Note: while the OAL destination and/or final destination could
theoretically re-combine the sub-parcels of multiple different
parcels with identical upper layer protocol 5-tuples and non-final
segment lengths, this process could become complicated when the
different parcels each have differing final segment lengths. Since
this might interfere with any perceived performance advantage, the
decision of whether and how to perform inter-parcel concatenation is
an implementation matter.
Note: sub-dividing of IP parcels occurs only at OMNI link ingress
nodes while re-combining of IP parcels occurs only at OMNI link
egress nodes. Therefore, intermediate OAL nodes do not participate
in any such sub-dividing or recombining.
Note: for TCP, the ACK bit must be managed as specified above to
avoid confusing receivers with spurious duplicate ACK indications.
8. Parcel Path Qualification
To determine whether parcels are supported over at least a leading
portion of the forward path up to and including the final
destination, the original source can send IP parcels that contain
Jumbo Payload options formatted as "Parcel Probes". The purpose of
the probe is to elicit a "Parcel Reply" and possibly also an ordinary
upper layer protocol probe reply from the final destination.

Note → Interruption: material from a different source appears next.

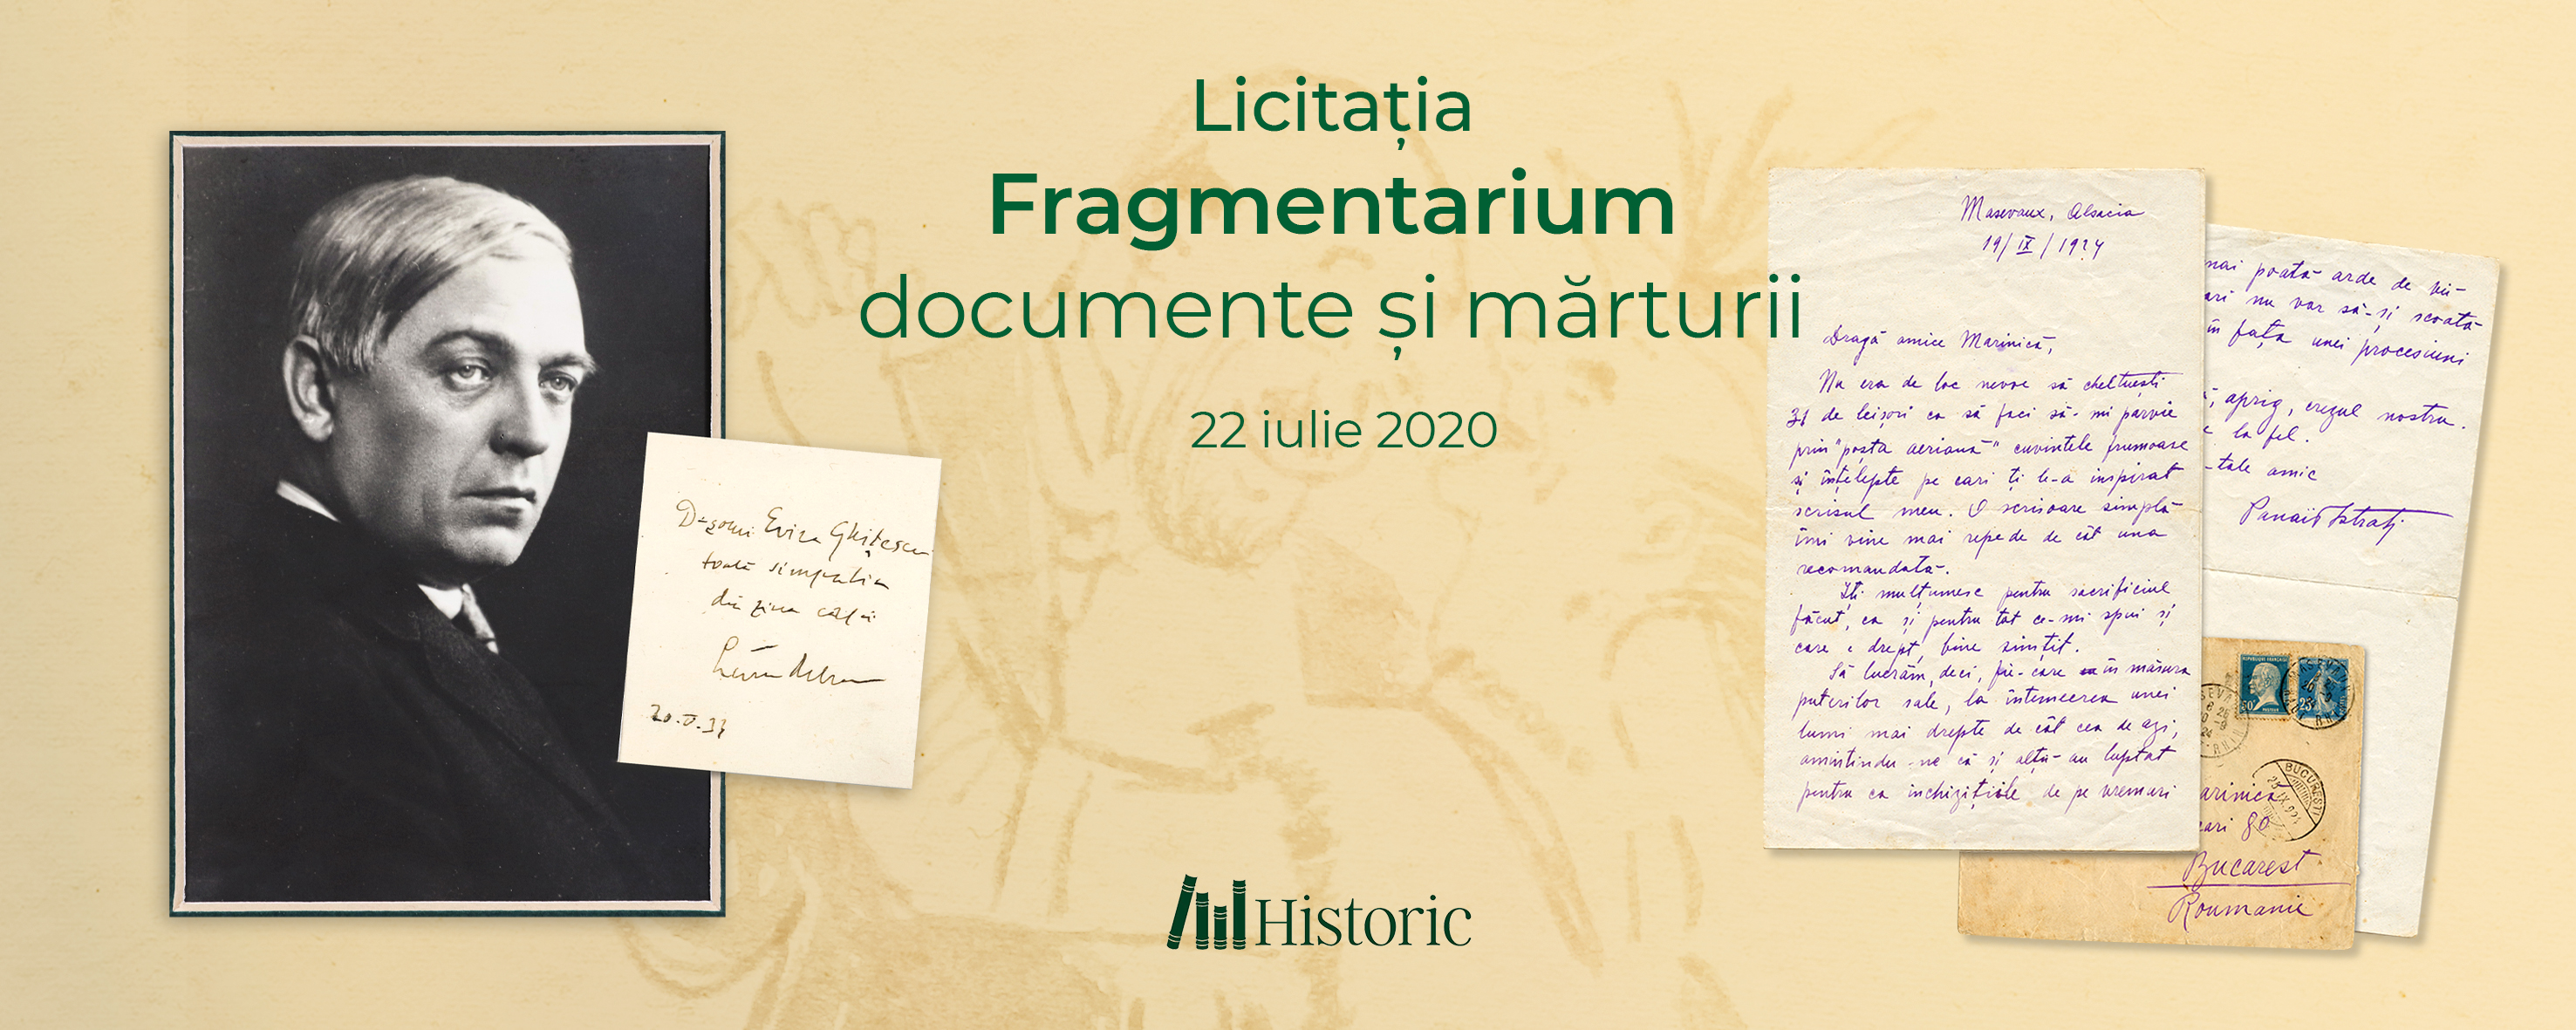 FRAGMENTARIUM - Documente și mărturii

If the original source receives a Parcel Reply, it marks the path as
"parcels supported" and ignores any ordinary ICMP [RFC0792][RFC4443]
and/or Packet Too Big (PTB) messages [RFC1191][RFC8201] concerning
the probe. If the original source instead receives no reply, it
marks the path as "parcels not supported" and may regard any ordinary
ICMP and/or PTB messages concerning the probe (or its contents) as
indications of a possible path MTU restriction.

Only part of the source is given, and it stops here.